His warning came as healthcare experts said a new measure of how many nurses and care assistants should work on wards, proposed by Lord Carter this week in a report on how the NHS can save £5bn by 2020, could become an excuse for hospital managers to “drive down staffing numbers to unsafe levels”. It also comes as a report from the National Audit Office this week warned that the NHS has a shortfall of 50,000 clinical staff and that hospitals trying to save cash risked “understating their true staff needs”.

The new staffing benchmark proposed by Lord Carter would encourage hospitals to move towards average levels of staffing, leaving many wards understaffed, the Nuffield Trust think-tank said.

“We know NHS hospitals have historically been understaffed,” the Nuffield Trust’s senior policy analyst, Sally Gainsbury, told the Health Service Journal. “So using average levels as the basis for setting safe staffing levels risks continuing that trend into the future.”

The cash crisis enveloping the health sector in England was laid bare this week as Whitehall sources reported the Department of Health (DH) is close to overspending its budget for this year, triggering a potential bailout from the Treasury. The DH is also planning to cut 650 civil service jobs by 2017 to reduce its running costs by 30 per cent.

Hospitals are anticipating a £2.2bn deficit this financial year, and have been ordered to balance their books next year or risk takeover by national regulators. Hospitals have already had to slash spending on expensive agency staff, leaving gaps in nursing and medical staffing rotas, as the NHS attempts to wipe out a £30bn deficit by 2020 – a consequence of years of government funding not keeping pace with rising demand.

Mr Lamb, the Liberal Democrat health spokesperson, told The Independent that the state of hospital finances in England had created an impression of “crisis management” at the DH.

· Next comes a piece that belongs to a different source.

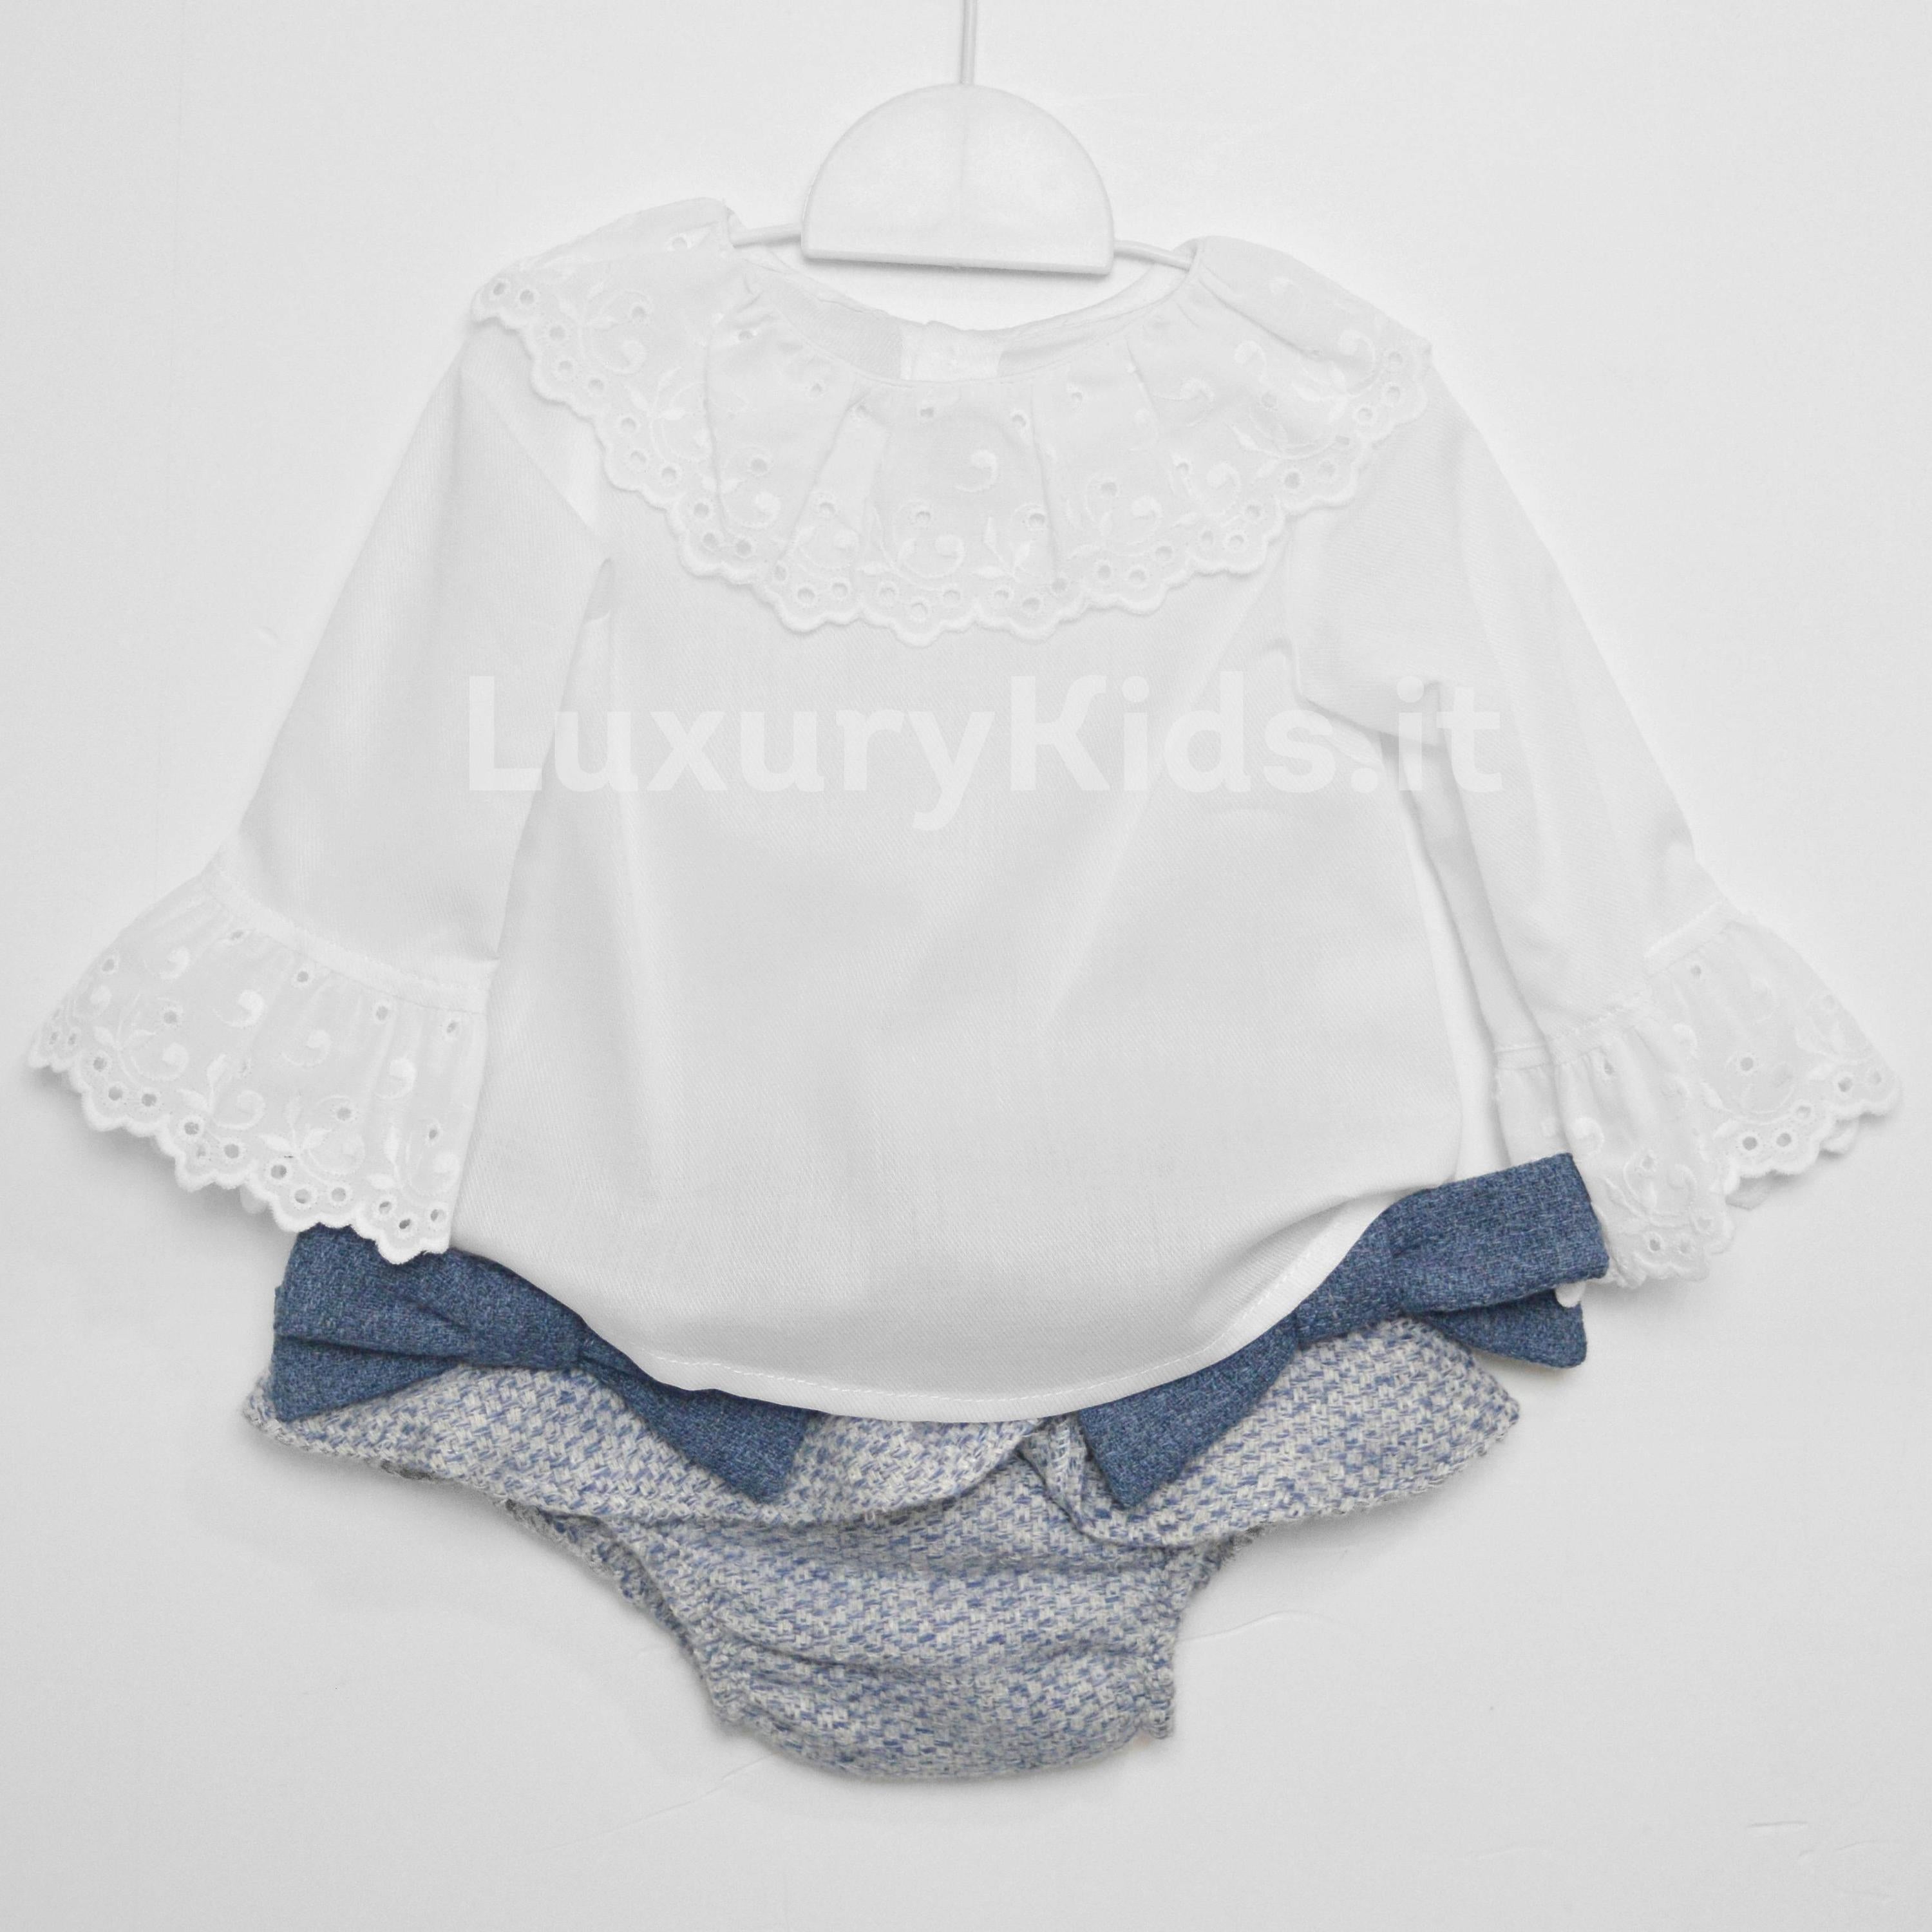 Completo con culotte elegante chic Neonata blu-bianco FINA EJERIQUE O18A6250 - Fina Ejerique - LuxuryKids

“We can see that in the finances of [NHS] trusts around the country. We’ve also seen an increase in care commissioning groups [local health authorities] facing financial challenge as well.”

He said that the Carter Review, which identified savings hospitals could make by ending variation in procurement practice and deployment of staff, would be unlikely to produce all the savings required.

“The real risk is that what happens in the real world is that bad decisions are made about how money is spent. Services are cut, rationing is introduced,” he said. “If there is enormous pressure from on high to get finances in order, hospital managers may rush to the easiest thing to cut. It ends up with care and safety being compromised.”

Mr Lamb, along with former Labour and Conservative Health Secretaries Alan Milburn and Stephen Dorrell, has called for a cross-party commission on health and care.

A DH spokesperson said that that patient safety was the Government’s first priority.